Сзади Колобком подкатилась Дорис:
– Не горюй, Кевин, удар ты отбил мастерски. Просто Хэнк словил потрясающе.
– А!.. Не в этом дело… – Кевин расстроено потер лоб.
– Да, конечно. – Дорис положила руку ему на плечо. – Понимаю.
Ничего-то она не понимала; и не собиралась понимать. Когда люди так говорят, они чаще всего имеют в виду совсем иное. Кевин знал, что подразумевала Дорис. Он шумно выдохнул, чувствуя ее руку на своем плече, и кивнул, глядя вниз, будто соглашаясь в чем-то с подкрашенным кирпичной крошкой, запыленным цементом площадки.
Празднование перевалило за вторую половину дня; появился оркестр, и начались танцы. Кевин принял еще пару стаканчиков, а затем тихонько ускользнул к своей машине, отцепил тележку и залез на седло.
Настроение было подавленное. В основном из-за Тома. Не хватало бесед с ним, не хватало его морщинистой – лучистой! – усмешки: «Перестань пучить глаза, Кевин. Ты воспринимаешь все слишком всерьез». Том бы сказал ему, что 994 на самом деле лучше, чем 1000. Неужели правда, что больше никогда ему не поговорить с Томом? Потеря… Такая, что даже трудно представить.
Кевин спускался с Редхилла, снедаемый такими мыслями, тоскуя от того, что ничего нельзя исправить. Потеря Тома – самое худшее из всего, что произошло, что обвалилось на Кевина. Потому что потеря эта невосполнима. Жизни – как листья.

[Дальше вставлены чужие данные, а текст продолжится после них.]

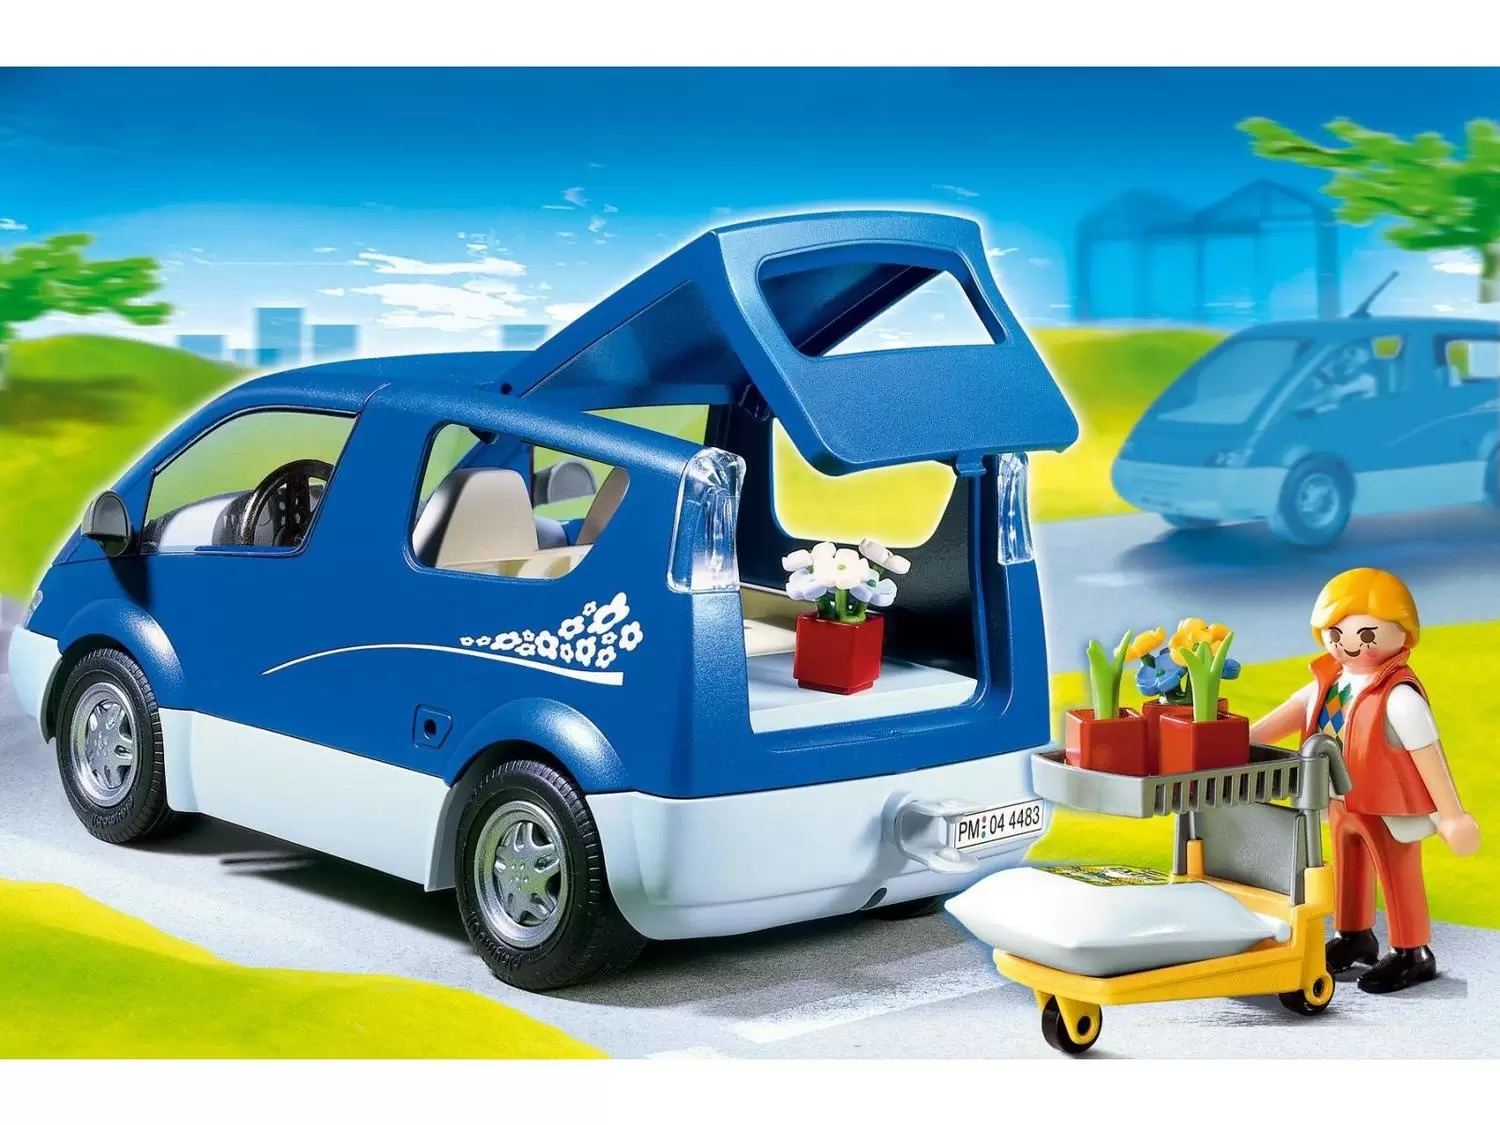 City Van - Playmobil in the City 4483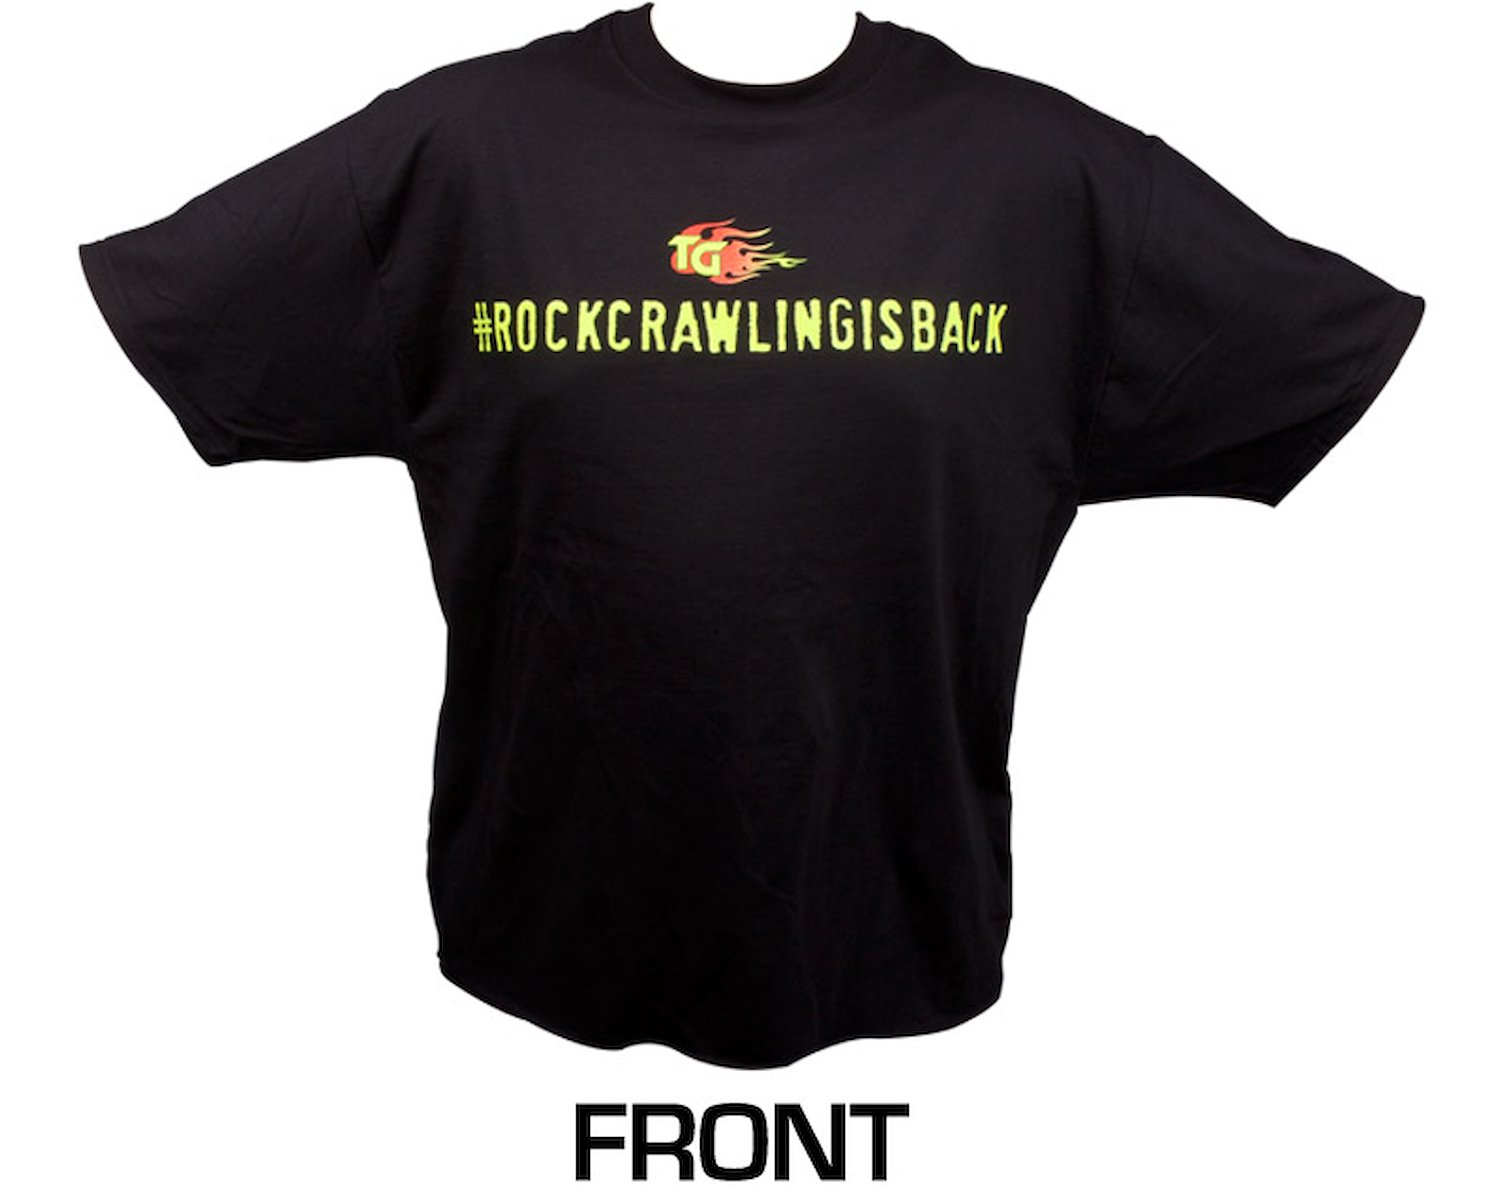 Short Sleeved Black Shirt #rockcrawlingisback Medium

Ах, как Кевин нуждался в беседах с Томом, в его советах и шутках, байках и чудачествах!..
– Деда… – прошептал Кевин, взял руль низким хватом, как гонщик, встал на педалях, словно в стременах, и яростно заработал ногами, изо всех сил поддергивая одну педаль за ремешок застежки-туклипса и обрушиваясь одновременно на другую.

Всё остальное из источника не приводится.